Data.
----

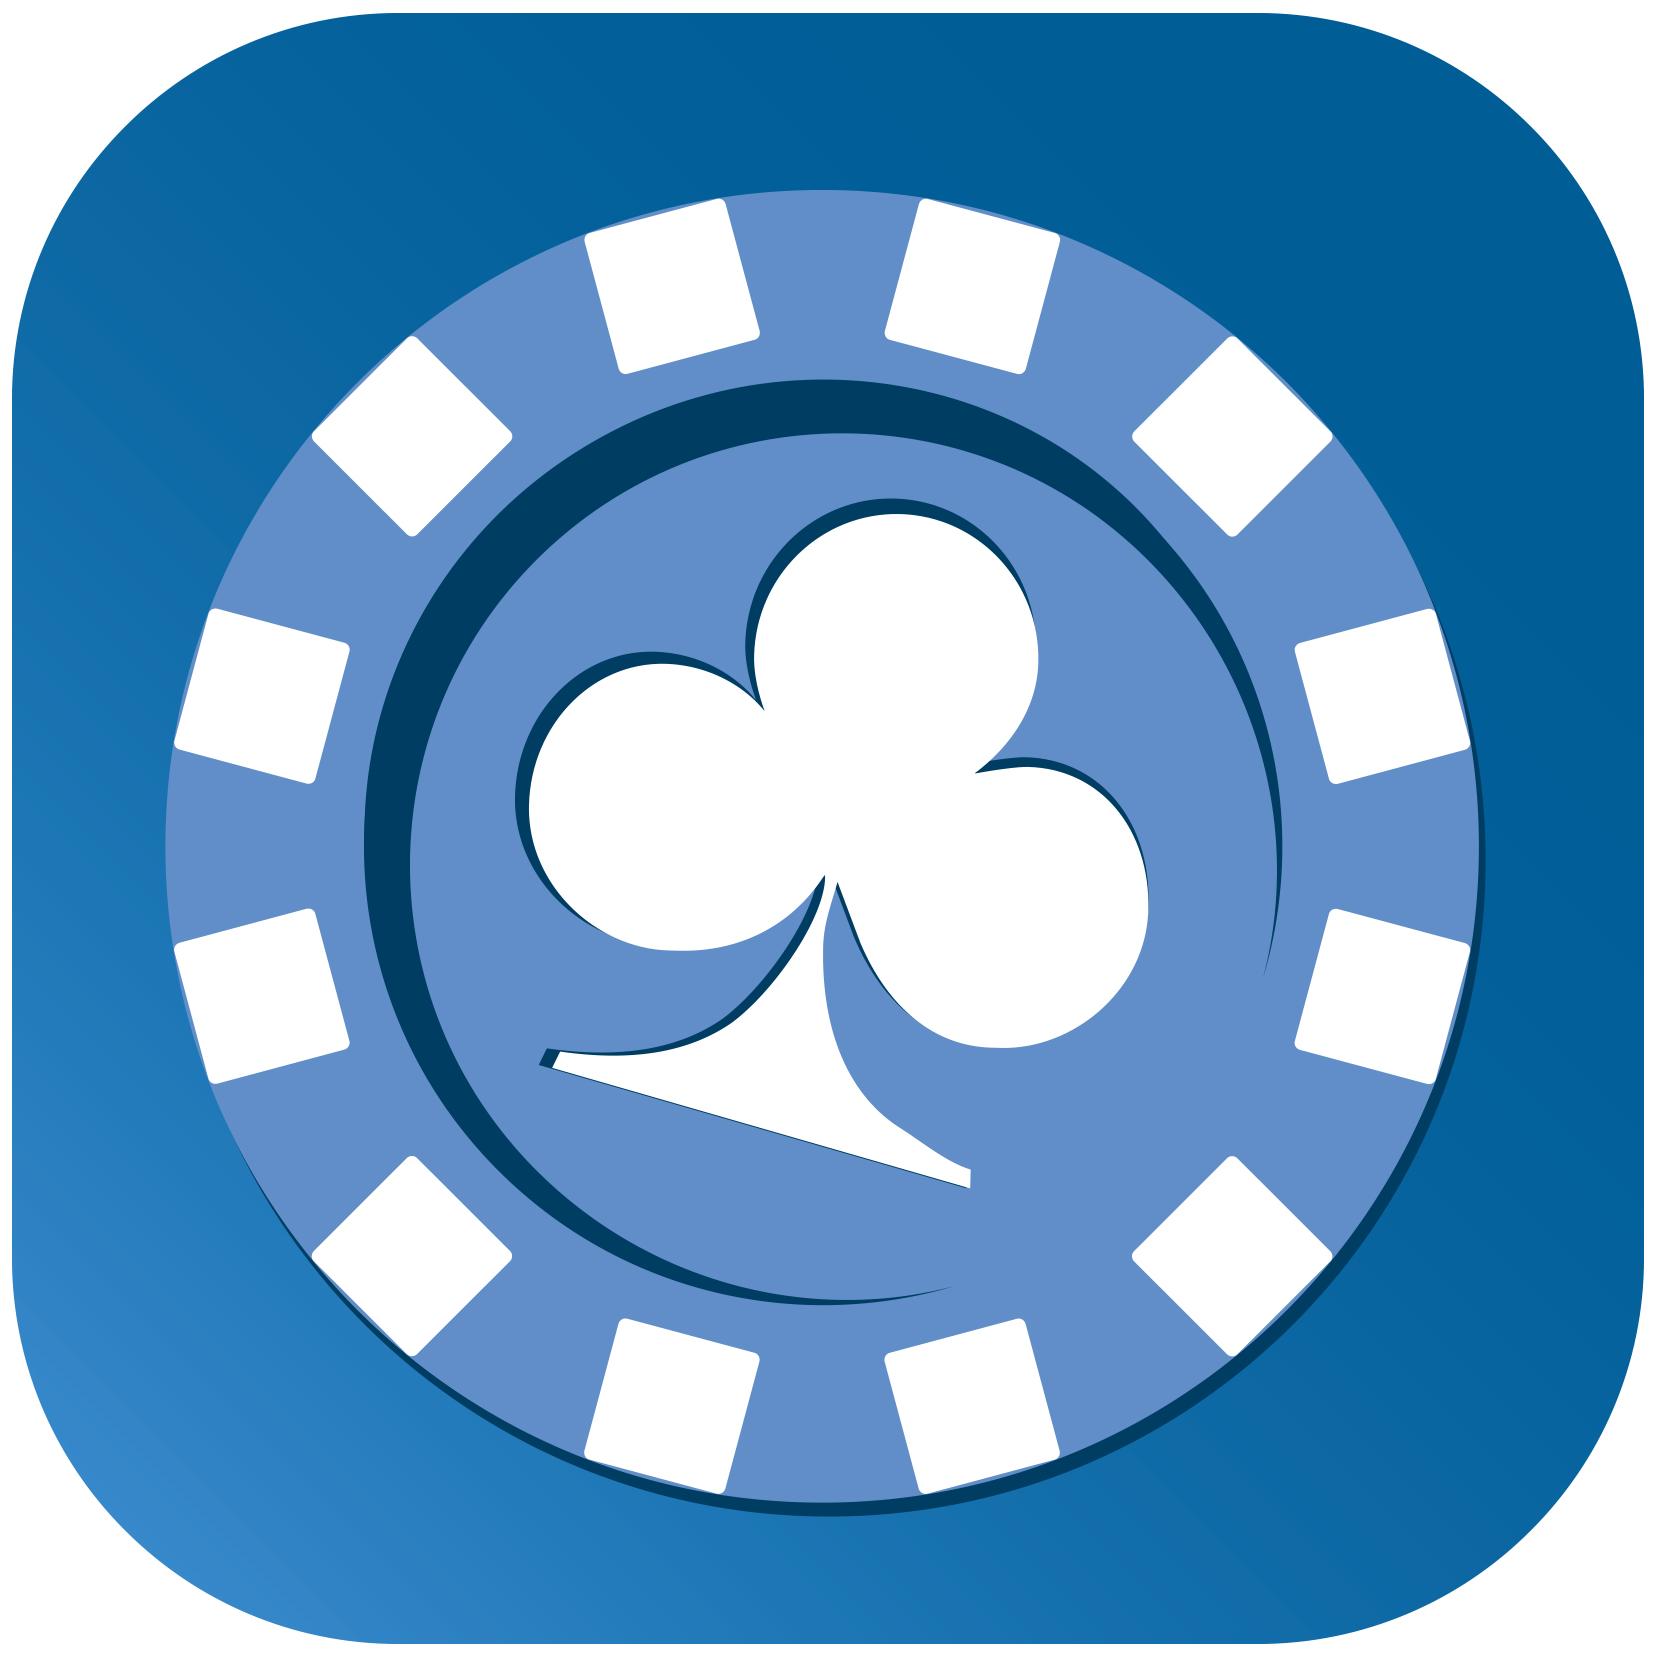 Gambling affiliation the aruban resort & casino oranjestad
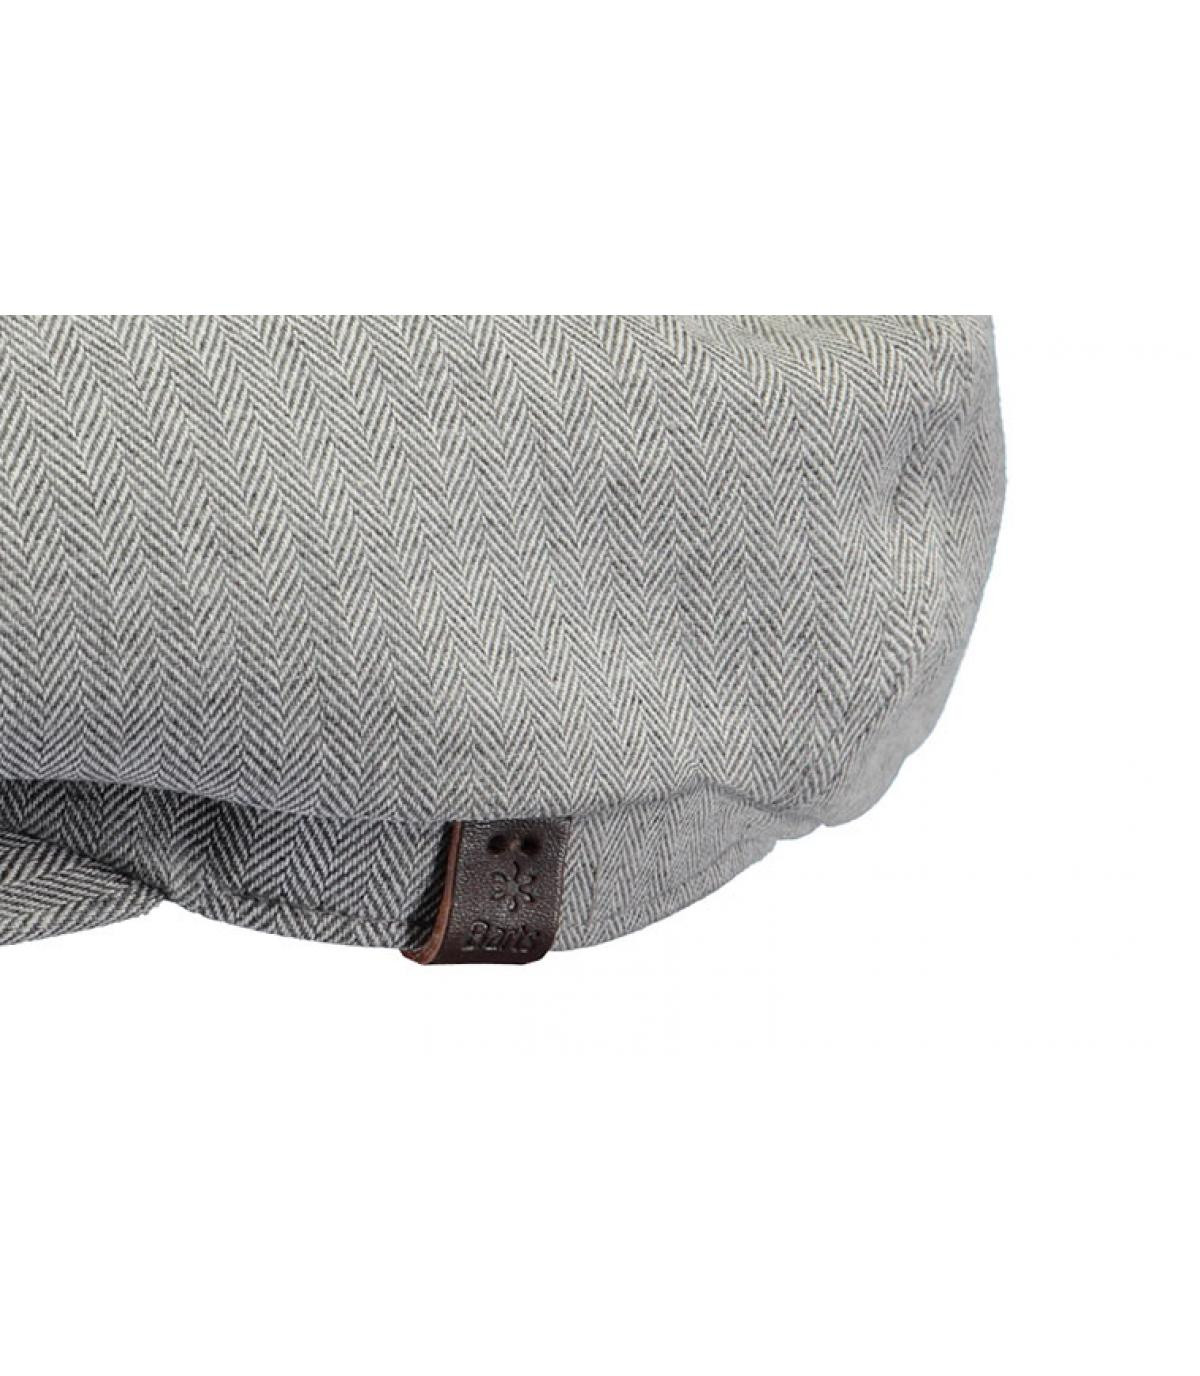 Details Jamiaca grey - Abbildung 3
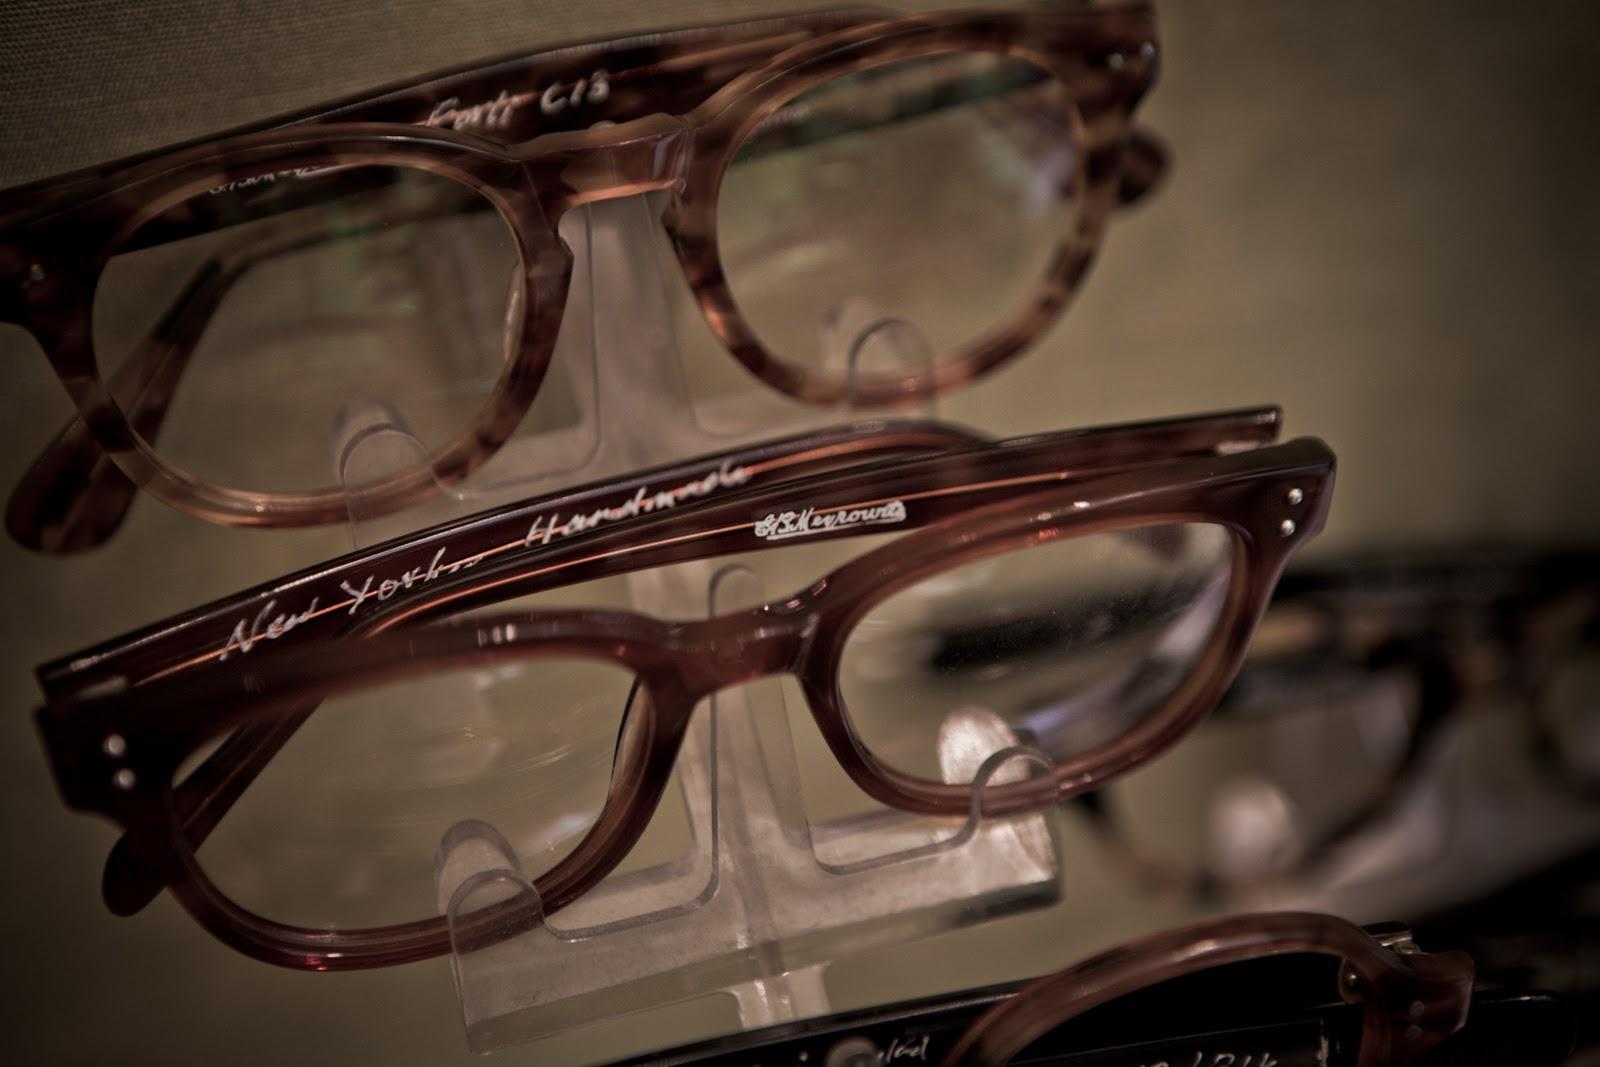 d7996b1b56 EB Meyrowitz  Handmade glasses – Permanent Style

----

What you should do.
The result should be every line of the data, reproduced exactly, with the images removed.

Written response.
 Gambling affiliation the aruban resort & casino oranjestad
 Details Jamiaca grey - Abbildung 3
 d7996b1b56 EB Meyrowitz  Handmade glasses – Permanent Style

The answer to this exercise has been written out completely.